(Beginning of EXTRACTED ENTRIES)

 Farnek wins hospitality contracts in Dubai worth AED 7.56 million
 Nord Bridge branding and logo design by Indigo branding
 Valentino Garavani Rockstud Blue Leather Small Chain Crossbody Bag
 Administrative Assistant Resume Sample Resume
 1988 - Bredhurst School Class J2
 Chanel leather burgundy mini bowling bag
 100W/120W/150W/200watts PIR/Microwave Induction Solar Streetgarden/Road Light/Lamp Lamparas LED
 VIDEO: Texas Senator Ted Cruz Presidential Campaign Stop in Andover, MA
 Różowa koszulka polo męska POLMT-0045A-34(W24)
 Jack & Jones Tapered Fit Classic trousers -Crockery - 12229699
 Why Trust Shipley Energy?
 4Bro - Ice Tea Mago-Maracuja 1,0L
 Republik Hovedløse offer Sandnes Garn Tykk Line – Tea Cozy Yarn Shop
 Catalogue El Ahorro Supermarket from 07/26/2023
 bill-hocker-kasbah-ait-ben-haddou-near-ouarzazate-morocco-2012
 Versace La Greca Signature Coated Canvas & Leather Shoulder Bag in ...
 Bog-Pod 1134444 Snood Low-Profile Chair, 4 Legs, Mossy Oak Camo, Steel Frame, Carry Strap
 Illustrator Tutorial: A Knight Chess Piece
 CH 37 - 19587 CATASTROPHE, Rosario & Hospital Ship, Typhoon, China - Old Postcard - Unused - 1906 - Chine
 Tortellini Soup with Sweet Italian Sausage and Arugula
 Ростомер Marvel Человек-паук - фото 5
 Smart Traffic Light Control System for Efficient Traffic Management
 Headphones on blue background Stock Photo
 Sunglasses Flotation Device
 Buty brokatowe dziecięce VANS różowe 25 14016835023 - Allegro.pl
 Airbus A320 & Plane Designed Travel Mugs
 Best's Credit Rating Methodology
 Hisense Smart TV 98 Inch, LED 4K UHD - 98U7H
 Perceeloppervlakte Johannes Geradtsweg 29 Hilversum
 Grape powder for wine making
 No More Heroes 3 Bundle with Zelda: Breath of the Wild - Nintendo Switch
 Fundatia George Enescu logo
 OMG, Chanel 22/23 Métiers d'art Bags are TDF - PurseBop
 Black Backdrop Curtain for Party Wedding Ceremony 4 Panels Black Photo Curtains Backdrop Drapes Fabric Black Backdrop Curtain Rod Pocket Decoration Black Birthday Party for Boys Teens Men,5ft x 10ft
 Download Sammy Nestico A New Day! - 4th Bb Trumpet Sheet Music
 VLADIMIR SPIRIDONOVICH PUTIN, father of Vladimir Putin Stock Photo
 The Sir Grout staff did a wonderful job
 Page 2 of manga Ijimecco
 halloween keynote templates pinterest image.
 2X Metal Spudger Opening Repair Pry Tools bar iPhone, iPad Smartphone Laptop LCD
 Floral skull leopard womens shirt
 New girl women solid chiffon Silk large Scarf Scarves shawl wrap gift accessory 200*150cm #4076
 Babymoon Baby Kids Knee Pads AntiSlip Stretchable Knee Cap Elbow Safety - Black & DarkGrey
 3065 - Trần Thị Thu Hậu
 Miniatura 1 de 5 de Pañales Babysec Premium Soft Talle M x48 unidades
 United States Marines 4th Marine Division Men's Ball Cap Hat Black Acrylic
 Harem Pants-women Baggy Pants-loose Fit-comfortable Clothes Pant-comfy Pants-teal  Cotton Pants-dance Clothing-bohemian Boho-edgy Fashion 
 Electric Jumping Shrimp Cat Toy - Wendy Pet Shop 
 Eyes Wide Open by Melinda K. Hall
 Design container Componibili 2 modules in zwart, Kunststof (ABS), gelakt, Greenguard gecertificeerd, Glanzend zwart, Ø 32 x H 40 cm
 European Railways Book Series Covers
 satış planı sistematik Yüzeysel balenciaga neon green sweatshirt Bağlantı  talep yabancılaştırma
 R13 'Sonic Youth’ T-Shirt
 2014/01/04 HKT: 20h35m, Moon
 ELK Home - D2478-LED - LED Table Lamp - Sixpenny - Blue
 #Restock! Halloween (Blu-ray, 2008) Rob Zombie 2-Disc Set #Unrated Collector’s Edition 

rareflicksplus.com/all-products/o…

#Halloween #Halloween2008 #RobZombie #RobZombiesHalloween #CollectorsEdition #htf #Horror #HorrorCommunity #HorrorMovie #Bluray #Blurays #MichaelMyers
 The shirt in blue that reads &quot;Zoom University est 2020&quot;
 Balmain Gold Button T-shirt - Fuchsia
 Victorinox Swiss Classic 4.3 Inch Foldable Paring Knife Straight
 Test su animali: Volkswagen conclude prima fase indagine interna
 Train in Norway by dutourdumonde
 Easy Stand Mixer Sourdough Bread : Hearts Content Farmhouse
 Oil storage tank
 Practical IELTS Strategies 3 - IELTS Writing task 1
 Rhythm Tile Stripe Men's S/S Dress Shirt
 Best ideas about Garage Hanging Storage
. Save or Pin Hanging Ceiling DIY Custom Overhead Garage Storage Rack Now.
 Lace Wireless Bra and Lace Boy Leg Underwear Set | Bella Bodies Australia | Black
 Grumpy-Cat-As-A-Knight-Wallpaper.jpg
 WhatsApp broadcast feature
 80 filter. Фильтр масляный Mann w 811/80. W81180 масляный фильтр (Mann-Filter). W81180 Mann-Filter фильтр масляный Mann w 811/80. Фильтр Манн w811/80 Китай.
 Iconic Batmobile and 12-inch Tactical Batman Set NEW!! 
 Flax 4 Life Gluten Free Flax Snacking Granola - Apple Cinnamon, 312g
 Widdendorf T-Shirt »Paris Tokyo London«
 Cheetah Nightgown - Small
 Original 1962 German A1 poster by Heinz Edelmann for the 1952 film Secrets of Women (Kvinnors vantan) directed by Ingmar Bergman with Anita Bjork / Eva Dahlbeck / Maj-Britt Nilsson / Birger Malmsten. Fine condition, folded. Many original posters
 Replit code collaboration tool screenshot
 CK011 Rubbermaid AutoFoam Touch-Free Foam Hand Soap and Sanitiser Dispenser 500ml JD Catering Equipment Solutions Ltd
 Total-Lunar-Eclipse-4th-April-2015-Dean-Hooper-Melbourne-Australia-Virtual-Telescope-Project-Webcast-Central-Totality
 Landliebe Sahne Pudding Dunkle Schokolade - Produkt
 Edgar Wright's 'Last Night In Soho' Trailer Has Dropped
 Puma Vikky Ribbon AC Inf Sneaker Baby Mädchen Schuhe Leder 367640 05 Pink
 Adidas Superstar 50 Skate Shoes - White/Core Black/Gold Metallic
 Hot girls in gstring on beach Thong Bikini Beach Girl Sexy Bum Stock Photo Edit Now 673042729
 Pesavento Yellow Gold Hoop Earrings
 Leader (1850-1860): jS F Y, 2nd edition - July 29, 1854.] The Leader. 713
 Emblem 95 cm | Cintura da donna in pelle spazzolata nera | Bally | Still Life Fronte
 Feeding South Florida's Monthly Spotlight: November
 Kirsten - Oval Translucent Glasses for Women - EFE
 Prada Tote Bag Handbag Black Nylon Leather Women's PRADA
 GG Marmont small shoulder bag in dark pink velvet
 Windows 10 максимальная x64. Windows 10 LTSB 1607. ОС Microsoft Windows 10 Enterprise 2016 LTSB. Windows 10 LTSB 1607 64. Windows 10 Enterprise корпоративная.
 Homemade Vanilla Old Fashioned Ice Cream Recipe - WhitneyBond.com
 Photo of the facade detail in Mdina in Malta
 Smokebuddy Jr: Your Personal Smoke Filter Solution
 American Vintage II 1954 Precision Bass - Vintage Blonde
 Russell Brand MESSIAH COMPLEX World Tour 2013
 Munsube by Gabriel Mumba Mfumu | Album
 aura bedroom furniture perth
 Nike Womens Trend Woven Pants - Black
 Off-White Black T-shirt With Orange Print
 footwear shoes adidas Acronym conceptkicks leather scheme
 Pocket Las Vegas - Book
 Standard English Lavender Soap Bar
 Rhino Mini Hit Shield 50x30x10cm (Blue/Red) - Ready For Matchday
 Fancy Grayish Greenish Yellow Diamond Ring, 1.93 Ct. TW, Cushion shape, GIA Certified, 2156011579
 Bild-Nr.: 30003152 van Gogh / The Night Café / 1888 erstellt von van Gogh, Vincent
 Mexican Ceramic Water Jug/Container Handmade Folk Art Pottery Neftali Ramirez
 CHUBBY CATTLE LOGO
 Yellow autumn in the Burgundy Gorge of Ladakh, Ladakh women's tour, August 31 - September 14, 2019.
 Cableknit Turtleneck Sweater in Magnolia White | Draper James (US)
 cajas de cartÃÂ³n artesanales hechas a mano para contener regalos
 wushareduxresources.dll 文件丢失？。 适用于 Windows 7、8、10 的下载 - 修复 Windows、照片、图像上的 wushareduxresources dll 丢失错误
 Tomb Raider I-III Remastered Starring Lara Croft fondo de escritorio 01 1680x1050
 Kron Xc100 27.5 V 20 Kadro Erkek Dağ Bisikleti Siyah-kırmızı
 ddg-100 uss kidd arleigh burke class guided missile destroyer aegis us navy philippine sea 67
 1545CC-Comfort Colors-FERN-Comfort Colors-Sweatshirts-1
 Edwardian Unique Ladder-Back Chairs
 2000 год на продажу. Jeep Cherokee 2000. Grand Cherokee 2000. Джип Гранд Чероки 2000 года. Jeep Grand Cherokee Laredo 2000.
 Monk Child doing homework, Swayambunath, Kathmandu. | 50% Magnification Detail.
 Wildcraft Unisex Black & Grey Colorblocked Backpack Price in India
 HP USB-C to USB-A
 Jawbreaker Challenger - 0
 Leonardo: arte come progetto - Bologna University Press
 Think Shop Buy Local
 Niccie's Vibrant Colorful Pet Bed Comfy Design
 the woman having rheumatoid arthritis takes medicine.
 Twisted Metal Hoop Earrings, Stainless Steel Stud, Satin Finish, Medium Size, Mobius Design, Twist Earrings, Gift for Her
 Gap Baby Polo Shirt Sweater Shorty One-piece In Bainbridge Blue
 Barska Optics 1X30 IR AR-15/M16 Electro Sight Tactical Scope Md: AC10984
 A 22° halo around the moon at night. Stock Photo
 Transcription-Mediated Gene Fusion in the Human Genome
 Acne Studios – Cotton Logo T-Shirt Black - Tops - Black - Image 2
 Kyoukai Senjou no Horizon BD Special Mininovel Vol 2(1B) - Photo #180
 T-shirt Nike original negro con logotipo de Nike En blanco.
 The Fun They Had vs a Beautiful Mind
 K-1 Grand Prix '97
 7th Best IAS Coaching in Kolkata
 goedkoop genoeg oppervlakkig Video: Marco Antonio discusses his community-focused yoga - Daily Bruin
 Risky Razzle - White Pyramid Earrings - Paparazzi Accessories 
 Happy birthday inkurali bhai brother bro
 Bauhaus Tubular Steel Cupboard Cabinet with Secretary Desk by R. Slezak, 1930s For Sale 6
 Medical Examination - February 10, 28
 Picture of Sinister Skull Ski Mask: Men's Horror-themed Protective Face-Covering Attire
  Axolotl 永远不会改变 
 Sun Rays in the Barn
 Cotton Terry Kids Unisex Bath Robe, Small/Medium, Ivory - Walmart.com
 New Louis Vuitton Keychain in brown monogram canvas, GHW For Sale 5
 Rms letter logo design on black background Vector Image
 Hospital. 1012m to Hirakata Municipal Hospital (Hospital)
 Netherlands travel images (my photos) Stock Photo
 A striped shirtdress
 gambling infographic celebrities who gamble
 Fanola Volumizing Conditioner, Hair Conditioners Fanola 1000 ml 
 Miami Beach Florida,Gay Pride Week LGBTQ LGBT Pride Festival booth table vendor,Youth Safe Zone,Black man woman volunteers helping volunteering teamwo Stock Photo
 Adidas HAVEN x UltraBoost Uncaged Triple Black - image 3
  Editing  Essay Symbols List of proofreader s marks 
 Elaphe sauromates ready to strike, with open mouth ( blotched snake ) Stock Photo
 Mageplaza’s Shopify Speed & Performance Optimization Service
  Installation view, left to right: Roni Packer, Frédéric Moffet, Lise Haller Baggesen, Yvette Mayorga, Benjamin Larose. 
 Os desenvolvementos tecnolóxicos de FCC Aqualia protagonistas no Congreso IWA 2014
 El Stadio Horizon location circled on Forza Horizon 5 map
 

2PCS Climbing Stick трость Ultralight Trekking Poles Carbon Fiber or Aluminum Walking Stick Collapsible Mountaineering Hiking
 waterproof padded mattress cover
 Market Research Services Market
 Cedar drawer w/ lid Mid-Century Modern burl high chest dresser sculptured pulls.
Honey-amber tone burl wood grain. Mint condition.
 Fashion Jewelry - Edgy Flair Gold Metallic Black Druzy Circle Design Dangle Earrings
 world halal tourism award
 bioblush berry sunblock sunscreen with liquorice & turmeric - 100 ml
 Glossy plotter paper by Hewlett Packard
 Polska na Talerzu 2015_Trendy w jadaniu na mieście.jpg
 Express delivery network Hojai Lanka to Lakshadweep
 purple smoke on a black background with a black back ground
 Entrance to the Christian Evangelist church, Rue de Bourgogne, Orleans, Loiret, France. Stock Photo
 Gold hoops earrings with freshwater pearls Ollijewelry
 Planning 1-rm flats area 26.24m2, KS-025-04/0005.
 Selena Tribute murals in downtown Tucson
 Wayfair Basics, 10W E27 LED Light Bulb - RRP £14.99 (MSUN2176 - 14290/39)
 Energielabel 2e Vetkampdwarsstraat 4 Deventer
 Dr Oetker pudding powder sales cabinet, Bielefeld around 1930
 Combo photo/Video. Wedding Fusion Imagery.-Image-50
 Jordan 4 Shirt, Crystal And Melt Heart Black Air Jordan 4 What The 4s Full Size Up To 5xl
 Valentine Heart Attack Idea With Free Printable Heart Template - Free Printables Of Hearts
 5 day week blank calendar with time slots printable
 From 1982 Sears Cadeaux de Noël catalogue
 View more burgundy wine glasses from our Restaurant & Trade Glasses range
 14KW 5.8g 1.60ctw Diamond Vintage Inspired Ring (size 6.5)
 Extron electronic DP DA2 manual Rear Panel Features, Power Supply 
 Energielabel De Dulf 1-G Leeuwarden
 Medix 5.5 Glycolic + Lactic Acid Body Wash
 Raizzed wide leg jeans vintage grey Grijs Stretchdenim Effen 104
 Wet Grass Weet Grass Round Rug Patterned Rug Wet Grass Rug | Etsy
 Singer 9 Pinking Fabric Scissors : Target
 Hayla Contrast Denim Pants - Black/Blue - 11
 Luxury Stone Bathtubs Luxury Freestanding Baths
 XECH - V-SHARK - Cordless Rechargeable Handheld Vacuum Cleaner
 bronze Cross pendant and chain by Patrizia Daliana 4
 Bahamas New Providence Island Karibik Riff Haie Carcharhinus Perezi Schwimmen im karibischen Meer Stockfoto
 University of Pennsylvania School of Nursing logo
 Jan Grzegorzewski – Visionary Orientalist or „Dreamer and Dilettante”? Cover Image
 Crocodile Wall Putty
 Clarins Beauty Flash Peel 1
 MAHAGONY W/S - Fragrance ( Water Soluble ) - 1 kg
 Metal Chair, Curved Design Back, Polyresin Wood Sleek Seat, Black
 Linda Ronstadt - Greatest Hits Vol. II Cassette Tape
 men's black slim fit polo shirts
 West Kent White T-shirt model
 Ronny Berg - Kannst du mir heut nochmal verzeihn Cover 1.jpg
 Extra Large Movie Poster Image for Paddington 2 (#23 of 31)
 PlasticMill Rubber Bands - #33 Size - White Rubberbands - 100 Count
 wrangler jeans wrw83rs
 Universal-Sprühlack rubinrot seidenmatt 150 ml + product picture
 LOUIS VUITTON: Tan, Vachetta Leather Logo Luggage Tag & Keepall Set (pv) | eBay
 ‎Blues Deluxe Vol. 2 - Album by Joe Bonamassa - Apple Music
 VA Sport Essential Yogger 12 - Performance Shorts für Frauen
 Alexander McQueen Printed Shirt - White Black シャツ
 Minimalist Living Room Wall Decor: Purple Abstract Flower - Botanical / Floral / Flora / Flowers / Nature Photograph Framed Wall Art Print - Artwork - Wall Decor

(End of EXTRACTED ENTRIES)

All lines above from the one with "bill-hocker-kasbah-ait-ben-haddou-near-ouarzazate-morocco-2012" to the one with "Airbus A320 & Plane Designed Travel Mugs", inclusive, should be copied exactly, and no other lines.

 bill-hocker-kasbah-ait-ben-haddou-near-ouarzazate-morocco-2012
 Versace La Greca Signature Coated Canvas & Leather Shoulder Bag in ...
 Bog-Pod 1134444 Snood Low-Profile Chair, 4 Legs, Mossy Oak Camo, Steel Frame, Carry Strap
 Illustrator Tutorial: A Knight Chess Piece
 CH 37 - 19587 CATASTROPHE, Rosario & Hospital Ship, Typhoon, China - Old Postcard - Unused - 1906 - Chine
 Tortellini Soup with Sweet Italian Sausage and Arugula
 Ростомер Marvel Человек-паук - фото 5
 Smart Traffic Light Control System for Efficient Traffic Management
 Headphones on blue background Stock Photo
 Sunglasses Flotation Device
 Buty brokatowe dziecięce VANS różowe 25 14016835023 - Allegro.pl
 Airbus A320 & Plane Designed Travel Mugs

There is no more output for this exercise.